The Piano Concerto inhabits a different stylistic world: it’s a lighter-than-air soufflé of classicism and ‘twenties jazz that demands effortless precision from soloist and orchestra alike. The first movement was a little unfocused, its snazzy syncopation slightly blurred, and Maurice Murphy’s trumpet interjections were all but inaudible. There was certainly common cause between Grimaud and Haitink, who both emphasise the work’s classicism over its jazzy showiness. The piano solo that opens the central Adagio had a rapt, improvised quality. Overall, Grimaud’s playing was beautifully executed but lacked abandon, though the headlong finale was exciting.

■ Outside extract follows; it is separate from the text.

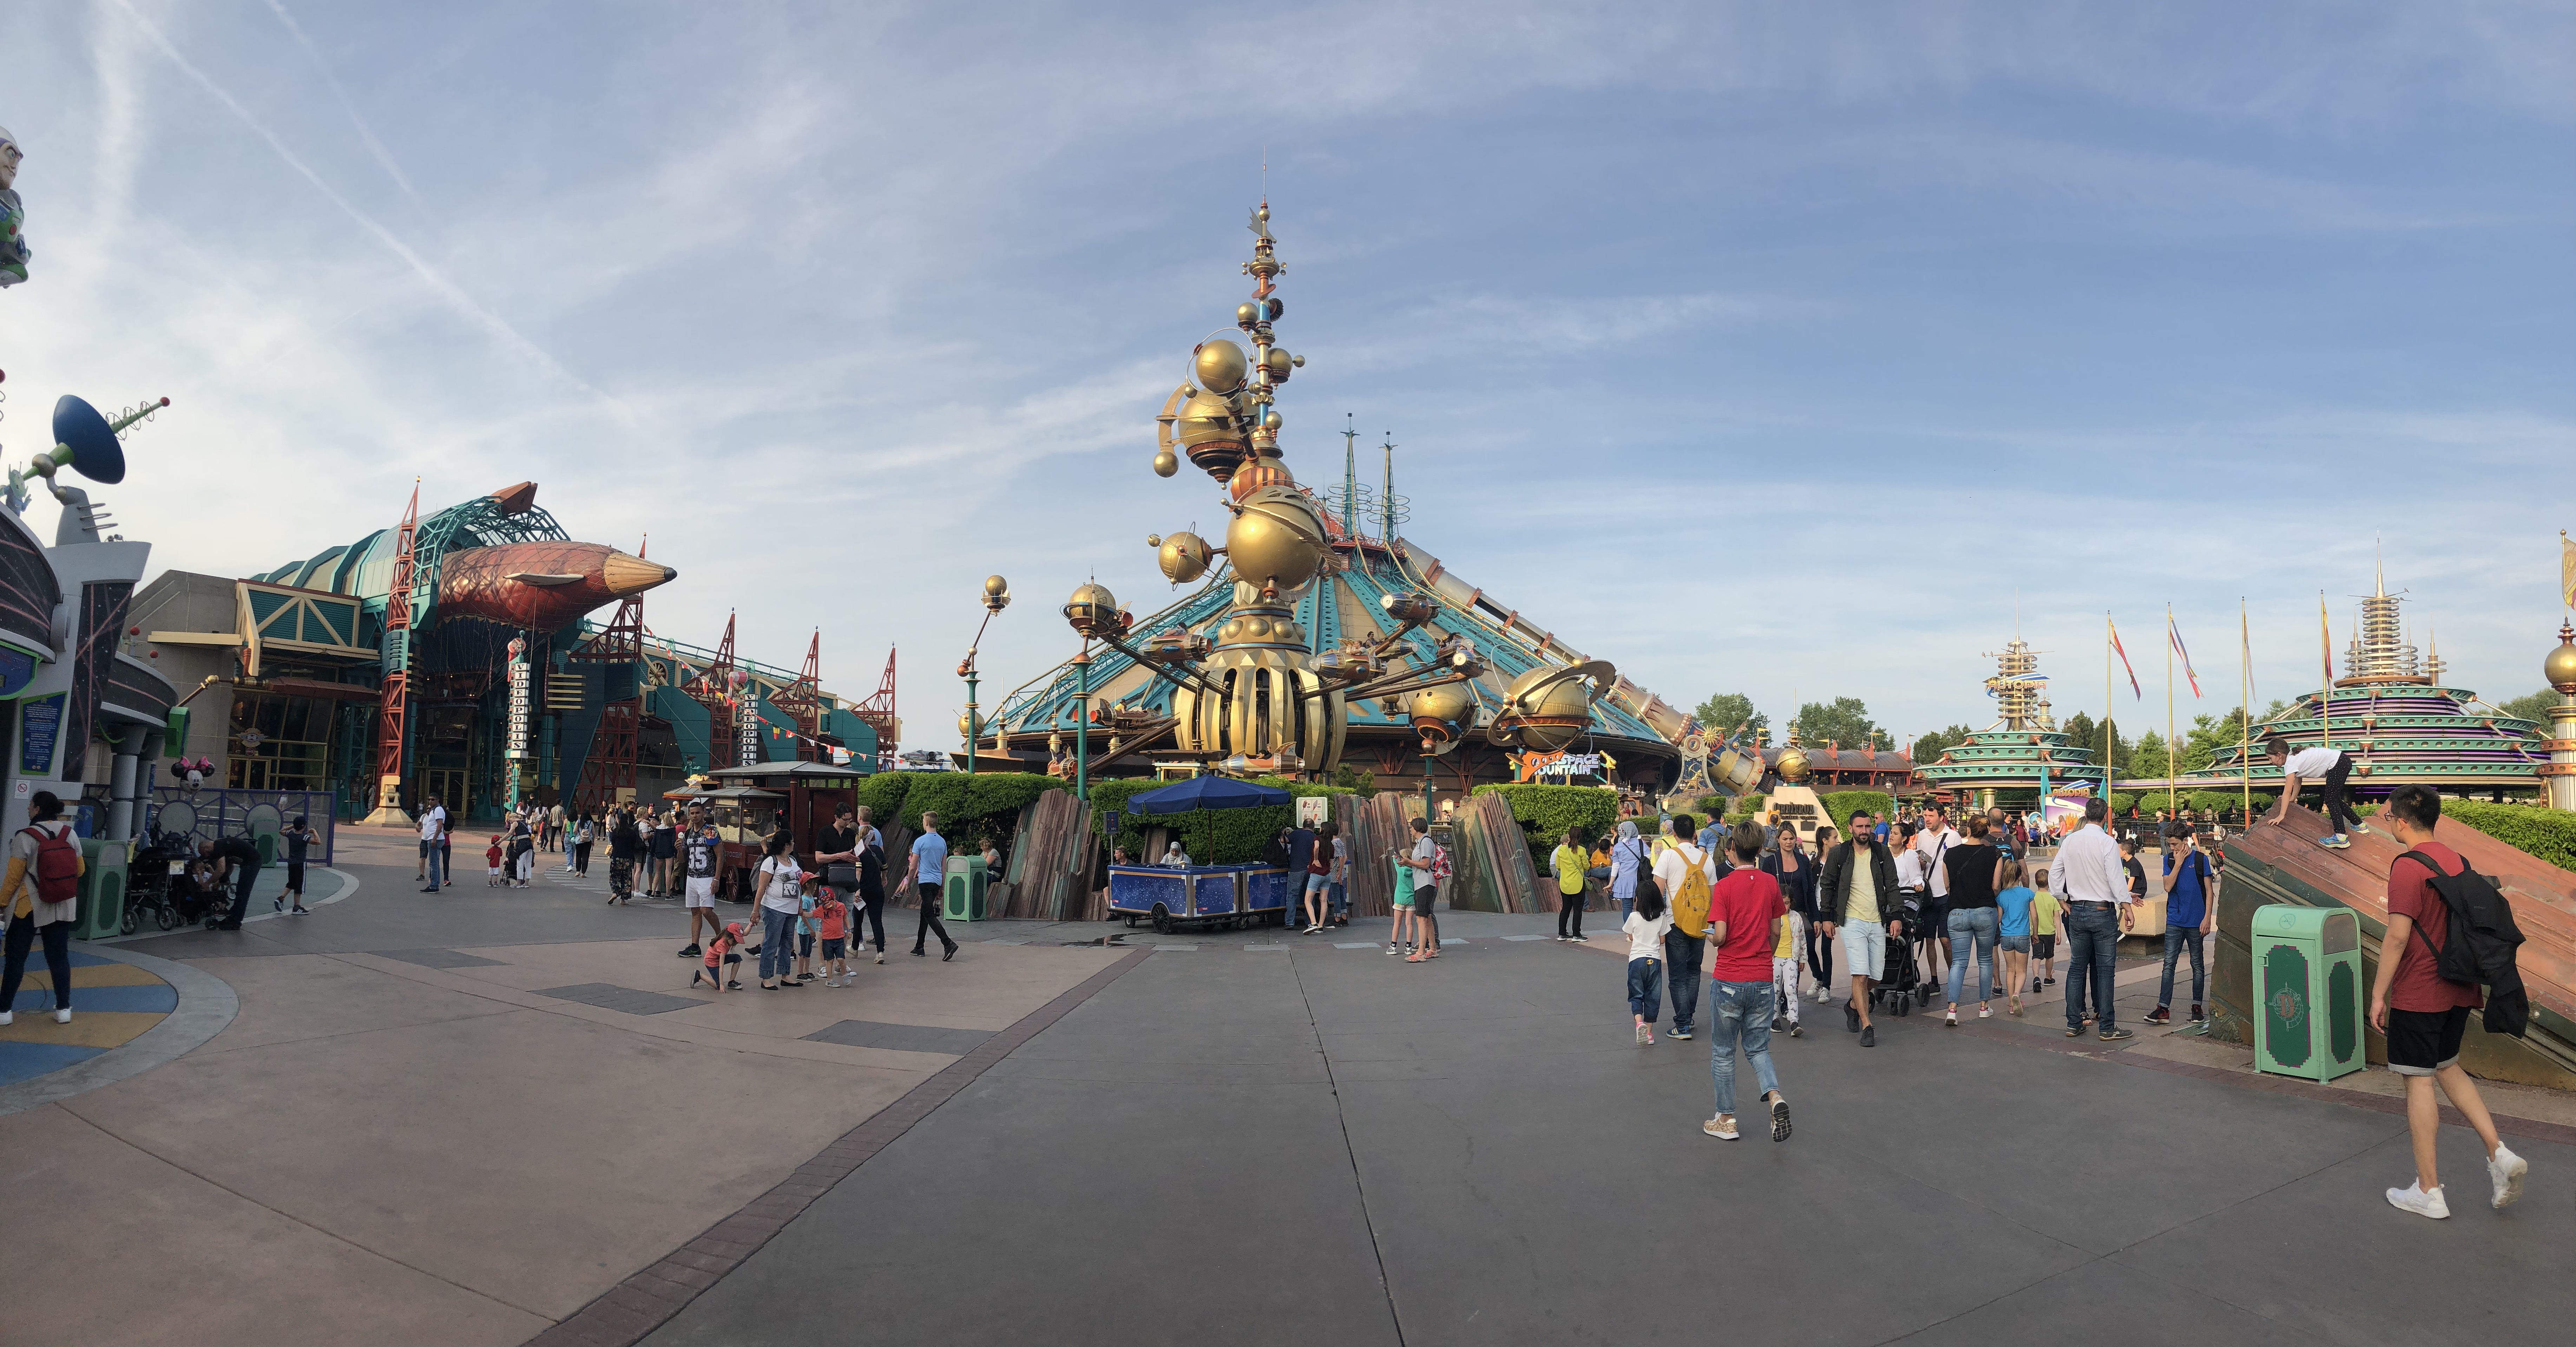 Disneyland Paris Discoveryland

It is hard to think of a greater contrast with Ravel than Shostakovich. Haitink has long been among the most cerebral of the Eighth Symphony’s interpreters, emphasising its symphonic architecture rather than its visceral thrills. His reading has only become more convincing as the work has entered the core repertory, rather than being a speciality of Russian ensembles and conductors, and it has a tremendous cumulative power. The steadiness of the opening became a remorseless piling on of crescendos, before breaking off at the shattering climax; the third movement was the epitome of pent-up anxiety, the relentlessly sawing quavers giving way to snarling brass. Haitink located the heart of the piece in the stillness that followed. It was a shame that it was interrupted by the seemingly inescapable ring-tone, making a second appearance of the evening. Still, the playing of the LSO was magnificently controlled in this huge, 70-minute performance, especially when sound and fury subsided once more into silence.